(TASK ITEM):
Repeat the data word for word and skip the pictures.

(DATA EXTRACT):
--

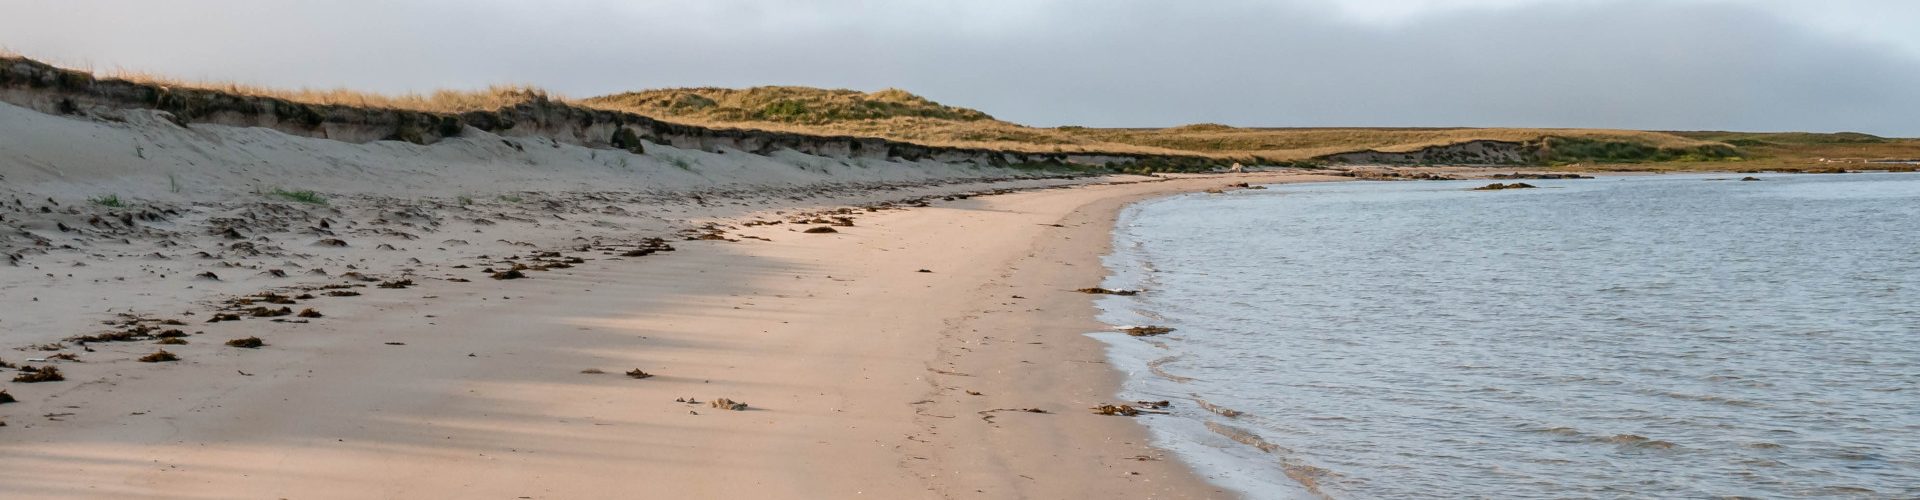 A peaceful beach on the Isle of Islay
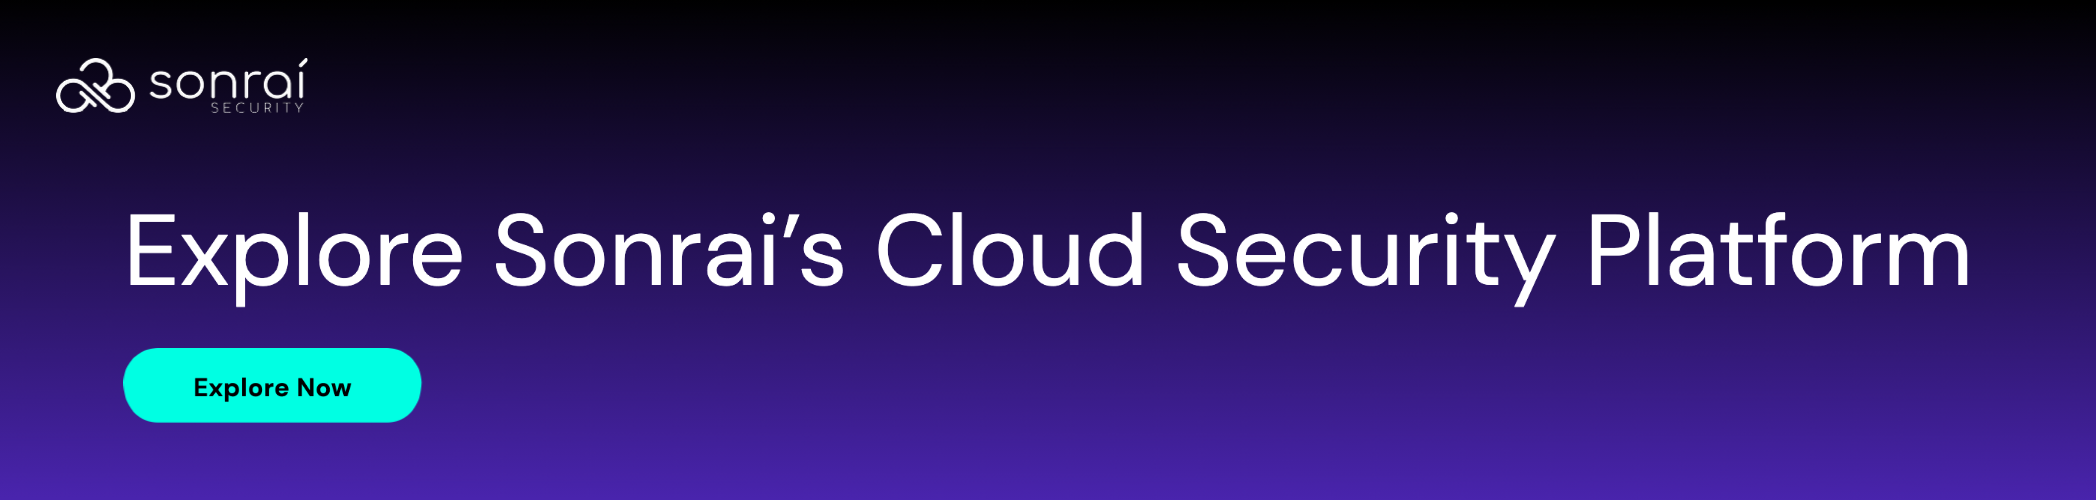 cloud security platform banner
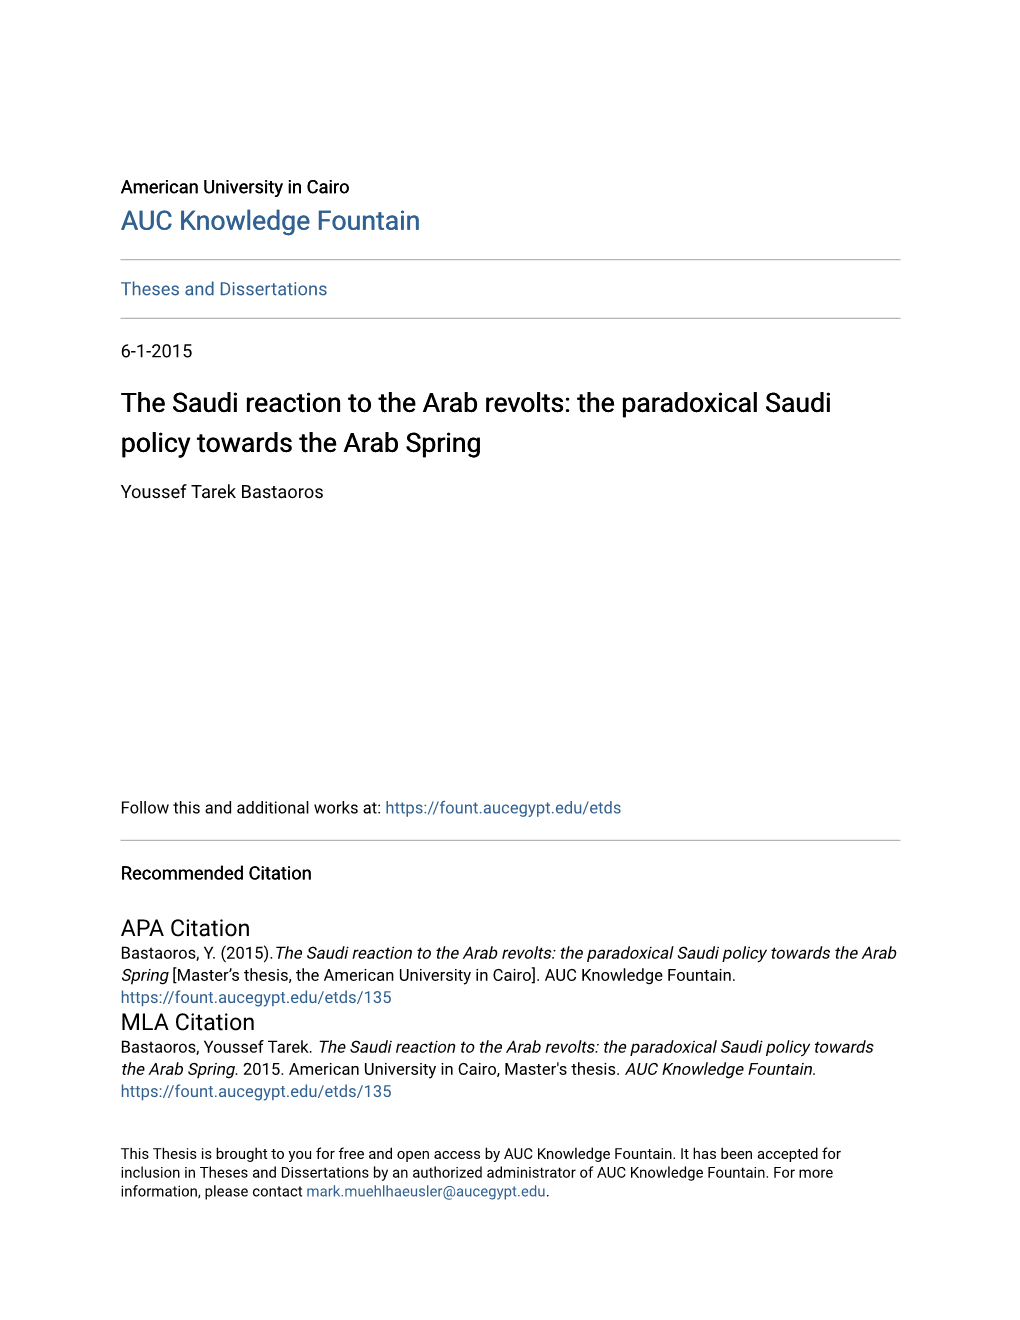 The Paradoxical Saudi Policy Towards the Arab Spring
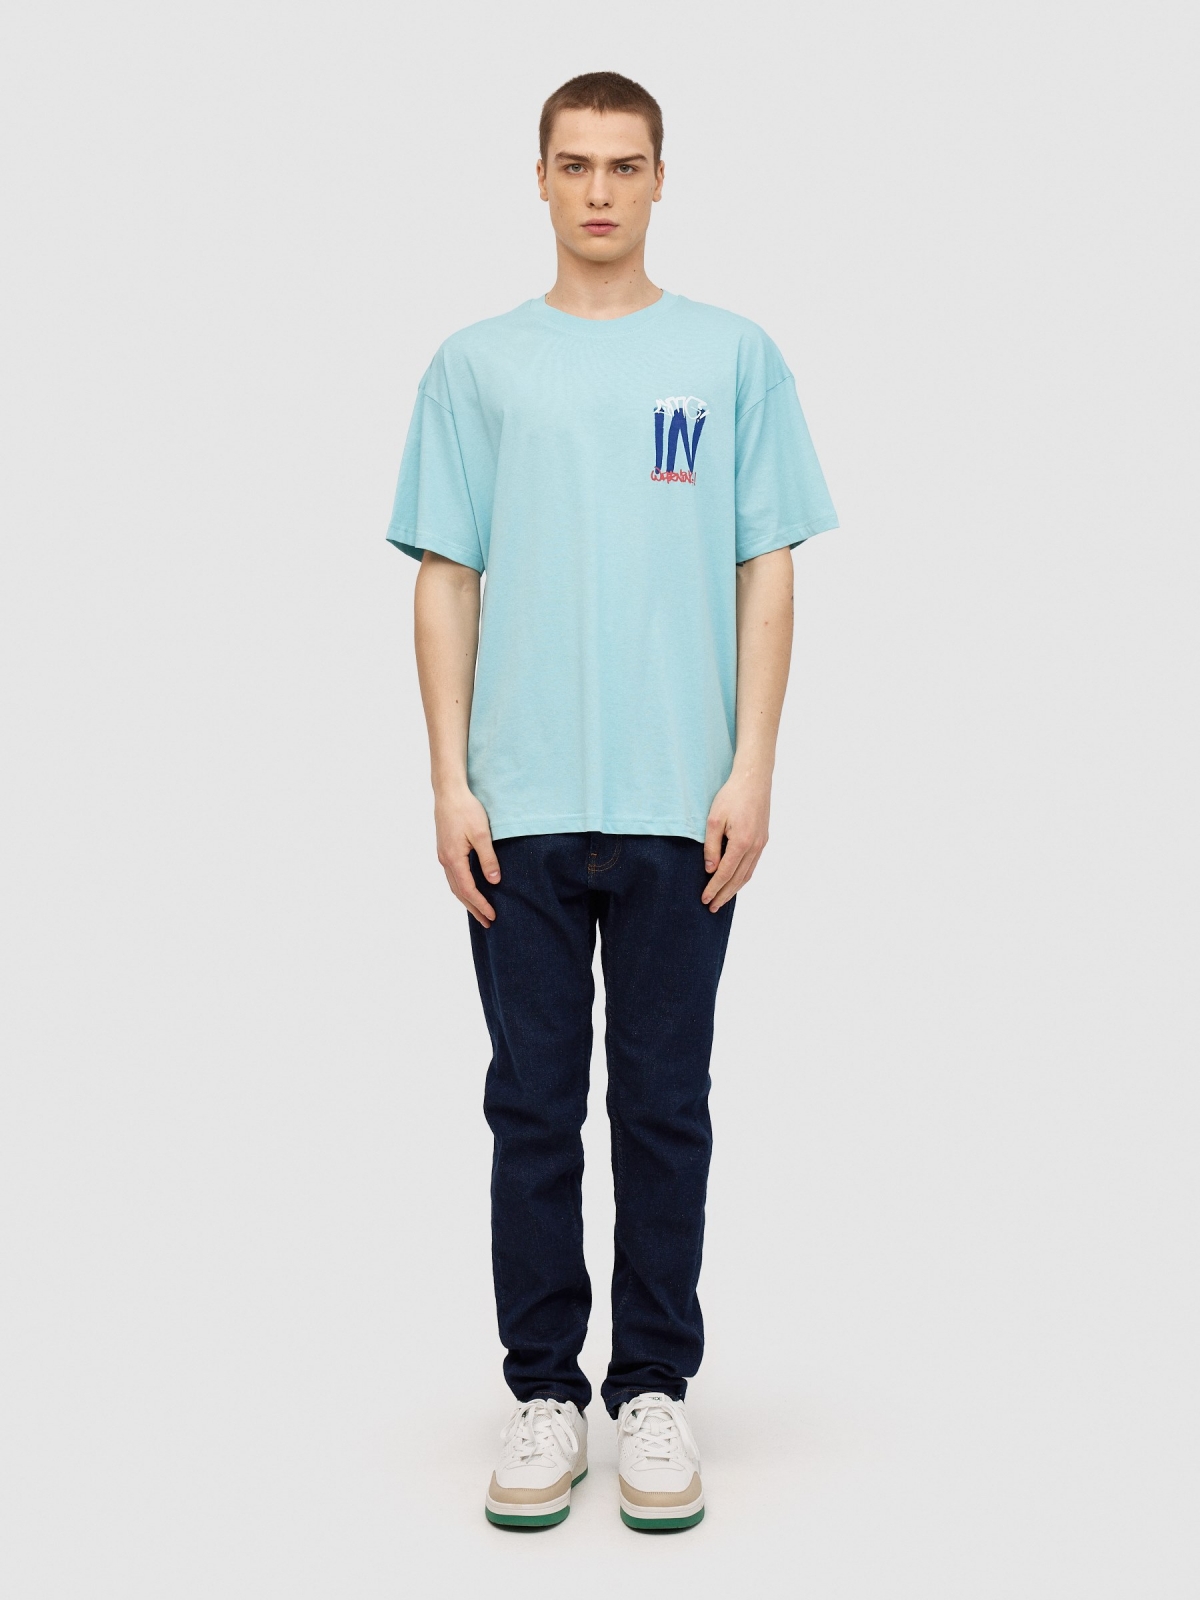 T-shirt com logótipo de graffiti azul claro vista geral frontal

--

(SOLUTION TO THIS TASK):
 A peaceful beach on the Isle of Islay
 cloud security platform banner
 The Paradoxical Saudi Policy Towards the Arab Spring
 T-shirt com logótipo de graffiti azul claro vista geral frontal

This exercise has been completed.